To our knowledge, we used AdaBoost in combination with SHAP for the first time to predict the recurrence of BC. Second, by searching for keywords [(((((((conventional laboratory indicators) OR (routinely measured blood biomarkers)) OR (routinely measured blood indicators)) OR (routinely peripheral blood indicators)) OR (conventional peripheral blood indicators)) AND ((breast cancer) OR (breast carcinoma))) AND (Recurrence)) AND ((((((((((((Machine Learning) OR (logistic regression)) OR (random forest)) OR (support vector machine)) OR (XGBoost)) OR (gradient boosting decision tree)) OR (decision tree)) OR (multilayer perceptron)) OR (linear discriminant analysis)) OR (AdaBoost)) OR (Gaussian naive Bayes)) OR (LightGBM))] on the PubMed website, we believe that our study is the first to use the features of traditional laboratory indicators and clinical information easily available from electronic medical records in AdaBoost’s model to predict the recurrence of BC. AdaBoost is one of the best boosting algorithms. AdaBoost can boost a weak learning algorithm with an accuracy slightly better than random guessing into an arbitrarily accurate strong learning algorithm, bringing about a new method and new insights into the design of the learning algorithm [95]. Even if many base classifier instances are used, AdaBoost rarely overfits the solution and minimizes the exponential loss function by fitting the stepwise additive model [96]. Due to the minimization of the classification error, which can be best approximated as exponential loss, AdaBoost performs very well on a wide range of classification problems [97] AdaBoost could be a helpful tool for physicians to predict BC recurrence. Additionally, we use SHAP to interpret AdaBoost predictions based on SHAP values and feature interaction scores. We found that correlated variables reflecting tumor biomarkers (CA125, CEA, CA15-3), clinicopathological features (tumor diameter, N stage, molecular subtype), and coagulation abnormalities (Fbg, FVIII, D-dimer) have important weights in predicting the recurrence of BC. This may result in more sustainable health for patients, thereby reducing the psychological, social and economic burden on society.
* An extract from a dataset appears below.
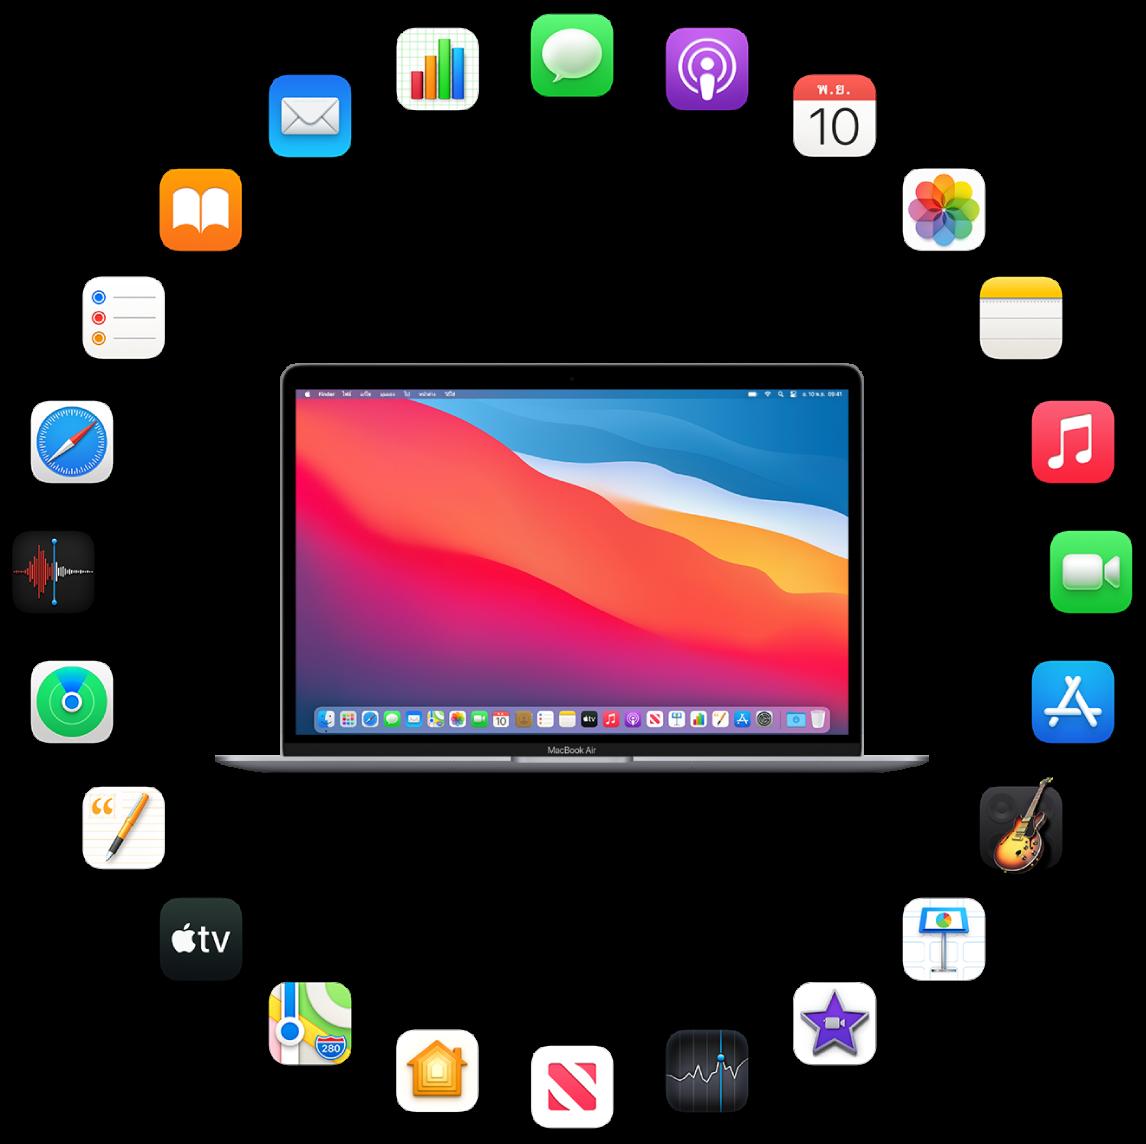 MacBookAir ที่ล้อมรอบด้วยไอคอนต่างๆ ของแอพในตัวซึ่งจะอธิบายในส่วนต่อๆ ไป

Our study has several limitations. First, the study population was relatively small. Although we evaluated 342 patients, 103 of whom were randomly included in the test set as an independent sample, a larger cohort is needed for future external validation of the accuracy of the prediction model. Second, although we initially evaluated the value of 25 available clinical features for predicting recurrence, we need more clinical information, such as gene mutations, to optimize these prediction models and provide a valuable basis for individualized treatment. Thus, future studies should be conducted to validate the feasibility of the proposed algorithm.

Conclusion

This study described the application of clinical information and laboratory parameters-based ML in patients with BC recurrence, generating a AdaBoost algorithm model that reliably predicts the probability of BC recurrence. In our study, ML combined with the explainability method of SHAP makes the black box model of ML explainable, which is more suitable for the clinical scenario of predicting breast cancer recurrence. In addition, the addition of DCA highlights the clinical value of AdaBoost. We suggest the use of this approach as an auditable decision aid that contributes to patient healthcare and research.